Dr. Katyayen also says that patients who request Invisalign for shifting teeth and smile should be assessed. If an adult patient’s teeth start shifting out of place, there’s a strong chance that they have periodontitis. In those situations, dentists must assess their oral health, check for periodontal problems, treat underlying periodontitis, and then start the orthodontic treatment. However, most dentists offer Invisalign first and simply ignore the underlying reason for the shifting of teeth. Even dentists who probe on 2 to 3 sites would get a good enough picture of the patient’s overall periodontal health.
Determining a patient’s candidacy for implants
Dr. Katyayen says she only proceeds with dental implants after ensuring the patient is a good candidate. “For example, if there are two teeth with heavy fillings and the middle tooth is missing, a bridge is a better option,” she says. “Butif it’s a young patient with good dental health, and all teeth are healthy with no fillings on neighboring teeth, then implants are better.” Dr. Katyayen also assesses the patient’s general health, including their oral hygiene and whether they have diabetes, to determine if they can proceed with implants.
“The biggest risk factor for peri-implantitis is plaque. If the patient isn’t removing plaque from their teeth, they’re not going to remove it from the peri-implant area either. So bad oral health is a complete disqualifier for implants. If a patient only visits a dentist when there’s pain, then they’re not a good candidate. An implant requires regular care and maintenance. If a patient doesn’t go for regular checkups, they’re not a good candidate.”
“Implants can work for 20 years or more, depending on the patient, surgical technique, the surgeon, the dentist or prosthodontist who rehabilitated it, and then the dentist or dental hygienist who has been taking care of it. If everyone has done the right job, the implant will survive. But if the patient doesn’t maintain good oral hygiene or the surgeon places the implant in the wrong direction, there’s a higher chance of plaque retention. That’s why implantology is complex — it depends on so many factors."
The importance of soft tissue for implants
Everyone understands the importance of checking the bone while placing implants. But few dentists focus on the soft tissue health. Dr. Katyayen says she also checks the gingival area to determine if it’s too thin or thick. Depending on the patient’s condition, she may change the soft tissue quality with grafting. It starts at the planning phase, and the treatment plan can be changed or modified anytime.
Even during the abutment placement, incisions and flap techniques can be used to change the soft tissue type to ensure a good seal.
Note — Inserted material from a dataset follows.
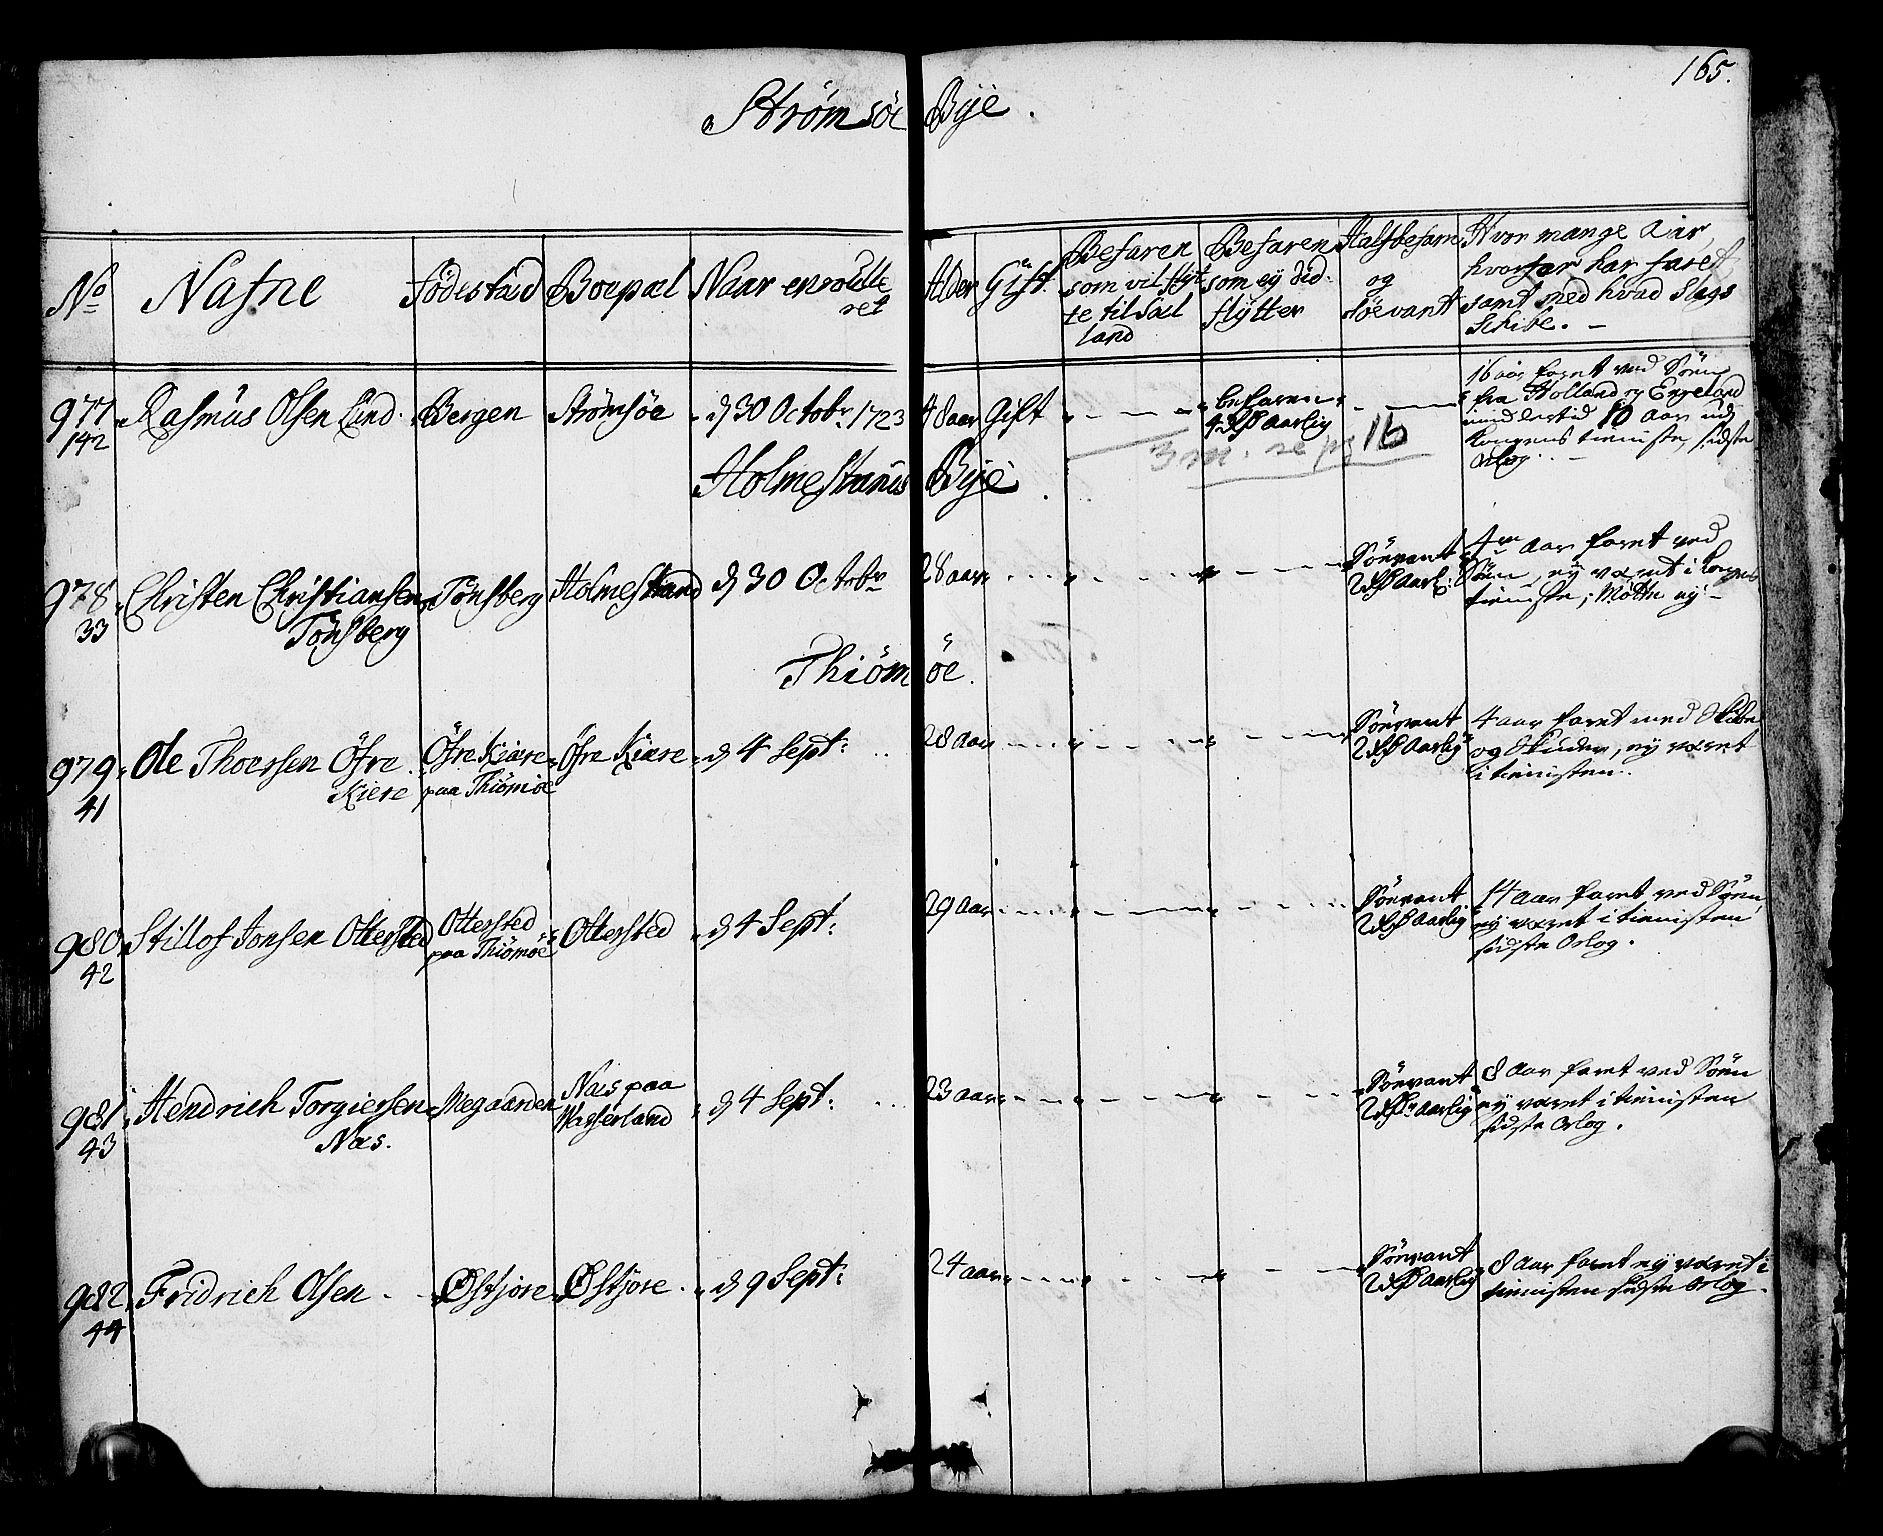 SAKO, Drammen innrulleringsdistrikt, F/Fa/L0002: Hovedrulle, 1723-1726, p. 166
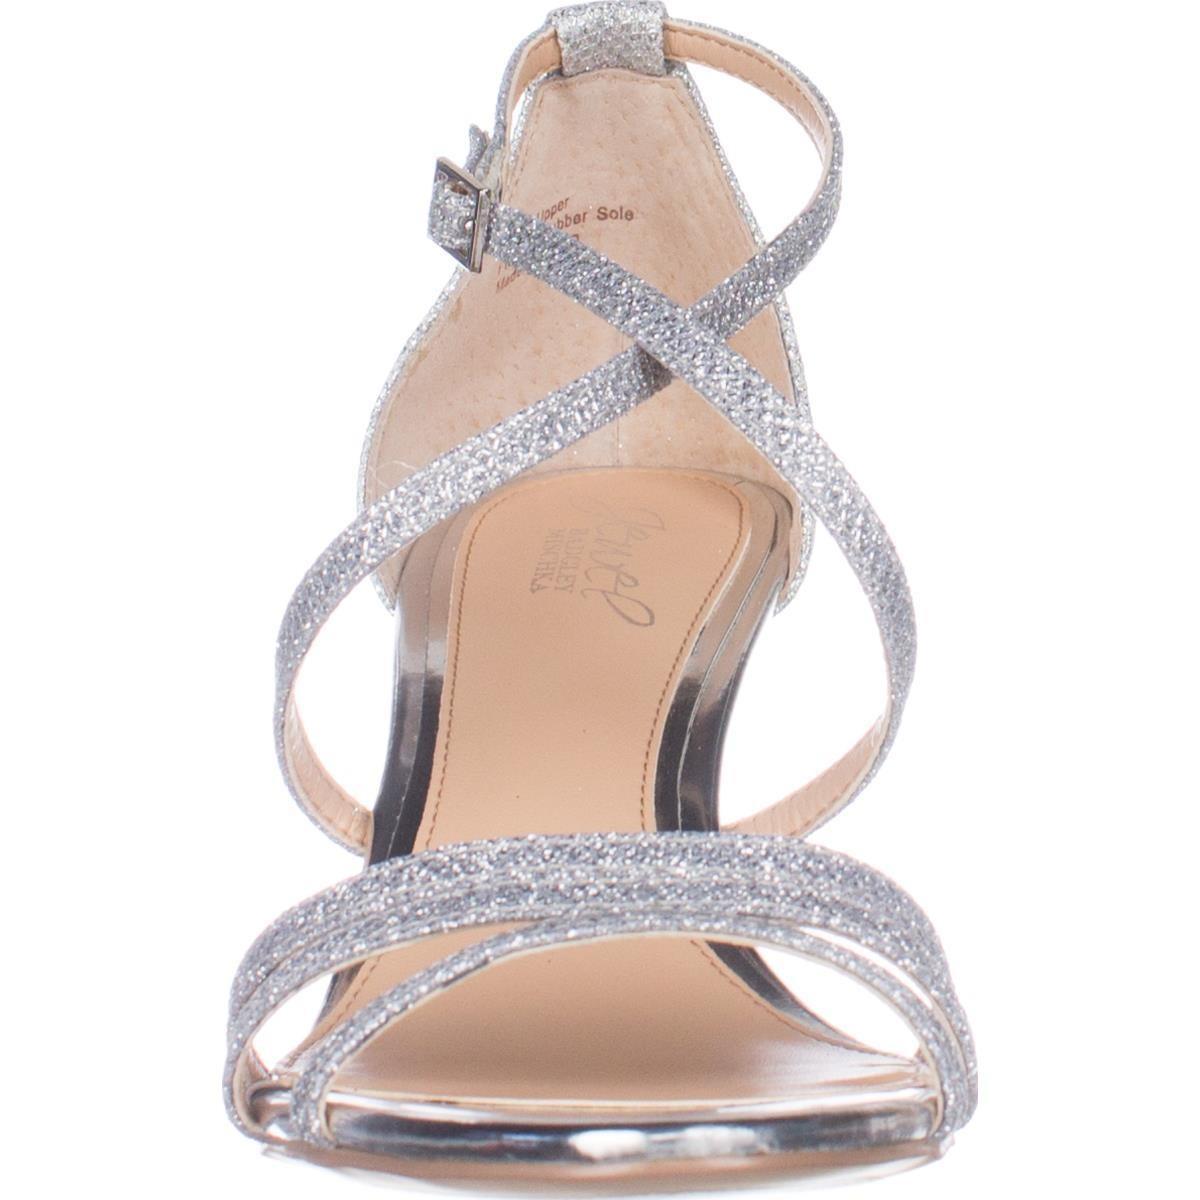 Badgley mischka Jewel Hunt Strappy Wedge Sandals in ...

The goal is to ensure there’s sufficient keratinized gingiva around the implant. The importance of keratinized gingiva around the implant is a fairly controversial subject, with some periodontists suggesting that it doesn’t affect the risk of peri-implantitis. However, Dr. Katyayen says she has observed that the gingival health and presence of keratinized gingiva make a major difference in the peri-implant health.